SW: I don’t write many short stories, I’m usually too busy with novels, but I so enjoyed writing my story for Petit Four. I found the short story so much more manageable than a huge novel and could see the light at the end of the tunnel far sooner. And as it was about two of my favorite subjects: love and cake, it was a pleasure. To write a novel you have to remember what has gone before, and it can be time consuming going back over the parts you’ve already written and trying to keep everyone in character. A novel can be an unwieldy thing to control and keep track of, but a short story is so much more manageable. That said, the short story is an art form all of its own, and one has to be succinct and make every word count. I see a novel as a lovely big chocolate fudge cake to work my way steadily through, whereas a short story is like a delicious cupcake, and each mouthful has meaning!

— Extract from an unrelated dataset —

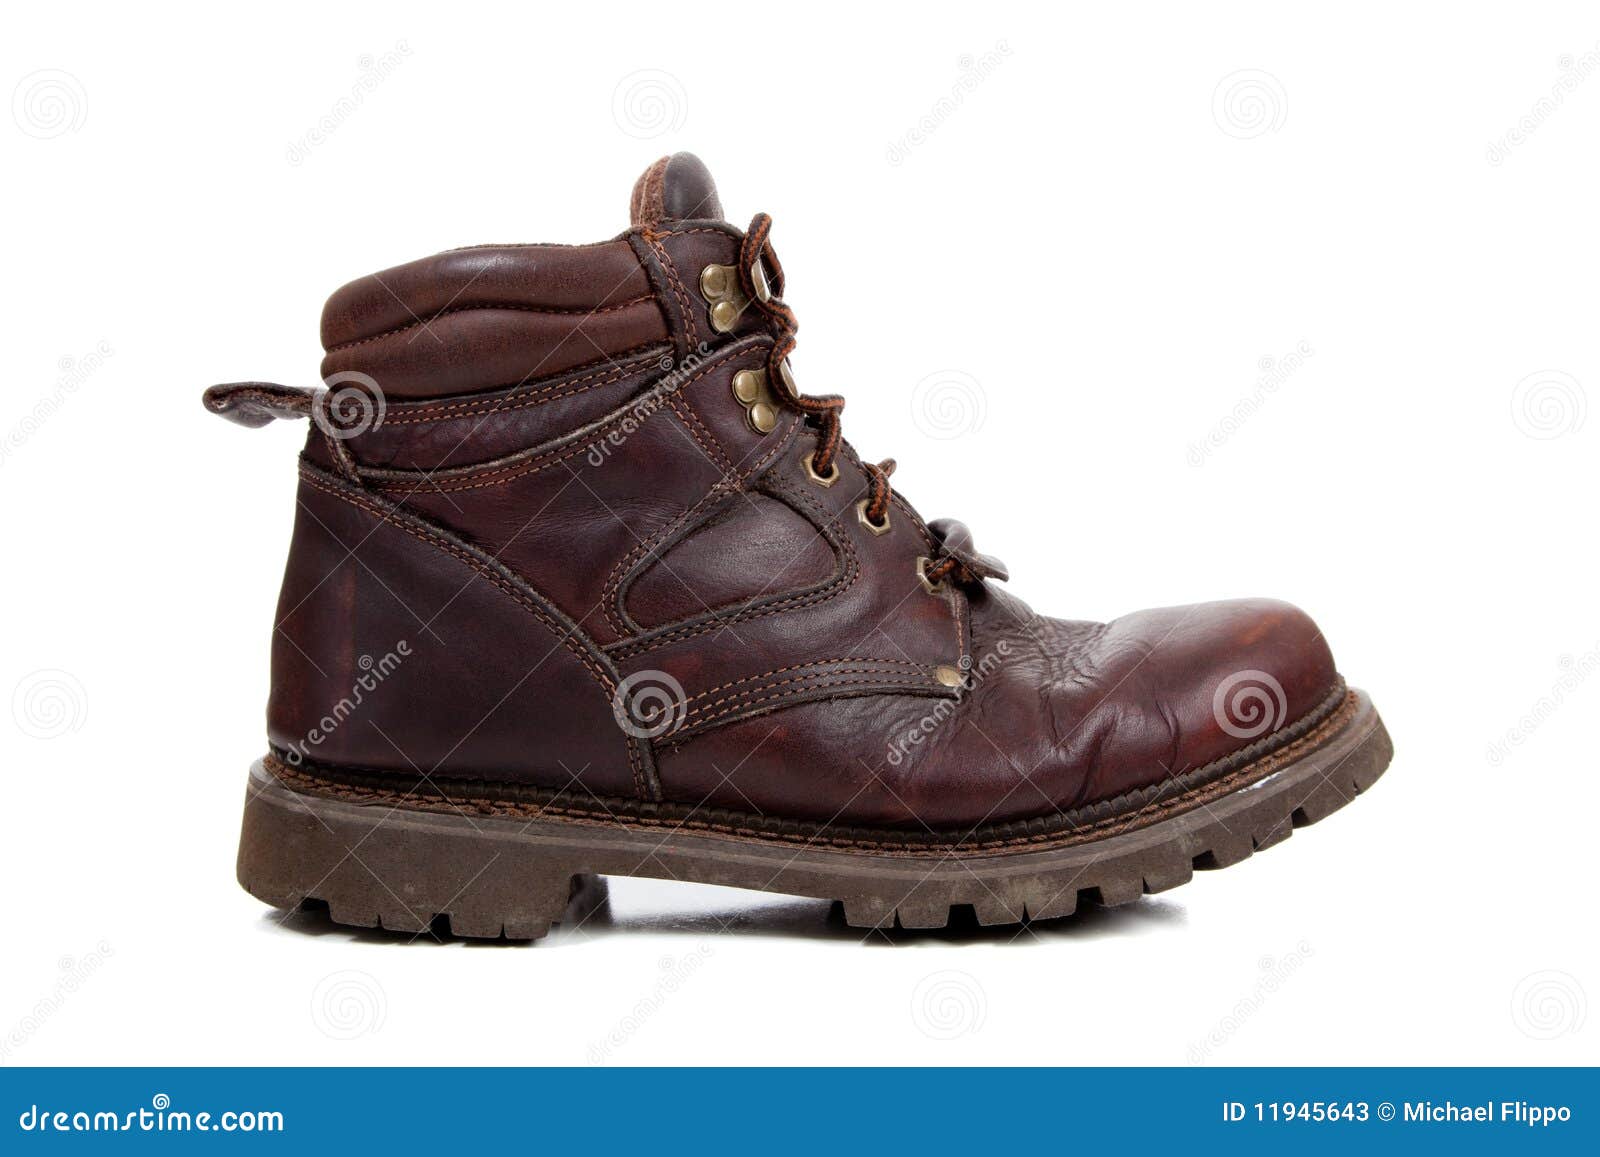 A Brown Leather Hiking Boot on White Stock Image - Image of sole, shoe ...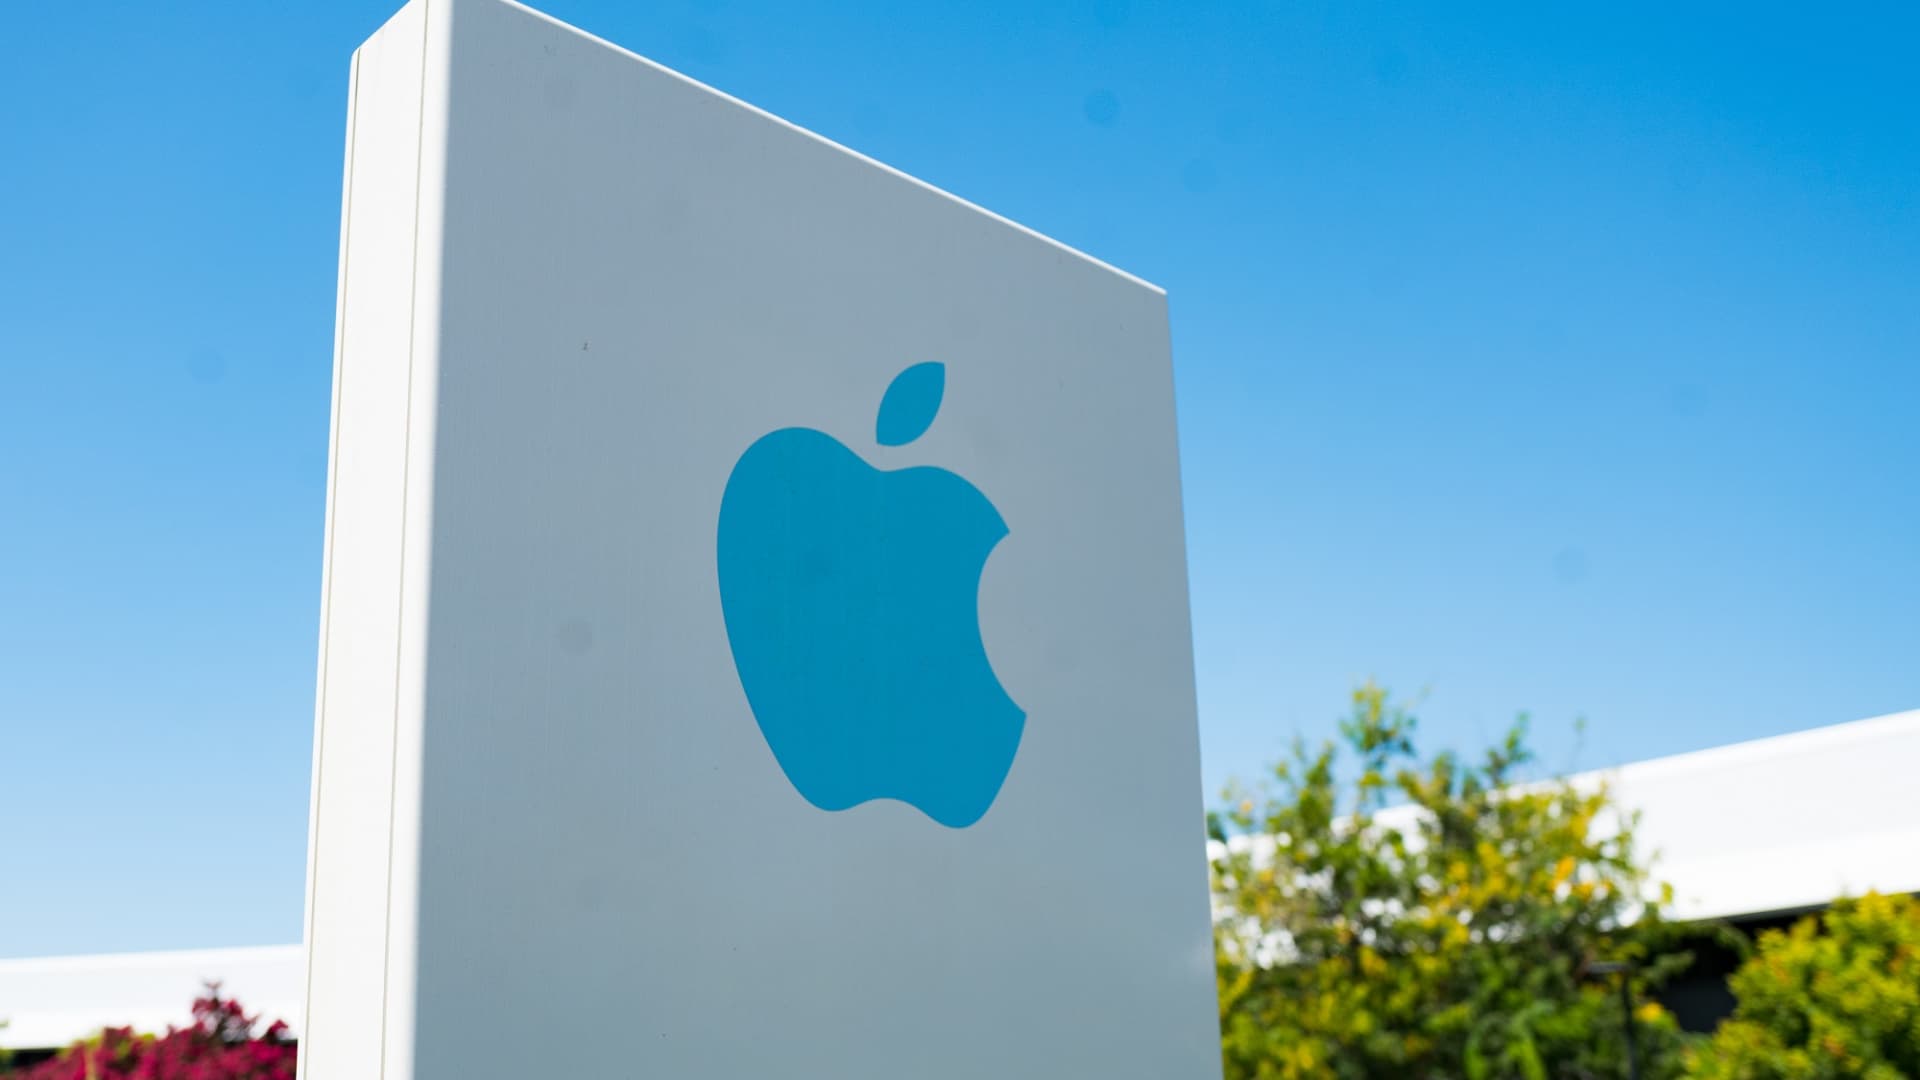 Close-up of blue logo on sign with facade of headquarters buildings in background near the headquarters of Apple Computers in the Silicon Valley, Cupertino, California, August 26, 2018.

JZ: I've always loved reading short stories because of the way you get quickly drawn into a world and its characters, and then you get to follow it to its conclusion relatively fast. I rarely get the chance to read for hours and hours and finish a novel in one or two sittings. So it's great to be able to invest a short period of time with a story and get rewarded with seeing it through to the end. I think the same thing is true when it comes to writing short stories.
CA: I like that you have to find the heart of your story right away. You have less time and space to create a character that the reader will know, so every sentence counts and every moment matters.
LS: I like writing short stories because it allows me to explore different subject matters and even genres before launching into a full length novel. In fact, “Aprez Vous” marks my first foray into Women’s Fiction (as opposed to Chick Lit). It was fun, but challenging to find the right voice for that particular story.
BE: Where do you find your inspiration?
SW: I find my inspiration from daily life. I write from home, and I spend much of the day alone at my desk so rely on friends and family who are always a great inspiration. We laugh a lot, and I often find myself jotting down lines they say and situations we find ourselves in, and then they turn up in one of my books. My recent Christmas novel, Snow Angels, Secrets and Christmas Cake, was inspired by two friends of mine who are both sisters and celebrate Christmas in very different ways. I also take inspiration from TV. I LOVE reality shows, and I think the wannabe actress in me likes to get inside people’s skins and imagine other, very different lives.
JZ: I'm constantly finding inspiration from the people and experiences I encounter in my life. I've also always been someone who has a natural curiosity and very active imagination and if you mix that in with my love and talent for daydreaming, I have no problem coming up with ideas. The bigger issue for me is finding the time and having the discipline to follow through on them.
CA: I find my inspiration from life. My life, reading articles in magazines, talking to friends or overhearing a conversation somewhere. It's endless!
LS: I daydream all the time. Ever since I was a little kid, I’ve been filling the quiet moments of my days with a very vivid imagination. While brushing my teeth, cooking dinner, or folding laundry, you can bet my mind is busy dreaming up fictional storylines and new characters to explore. But sometimes I’m inspired by my own life and the people who populate it. My first novel, Hollywood Ending, was very much taken from my own experiences living in Los Angeles. My second novel, Picture Perfect, however, originated solely in my imagination.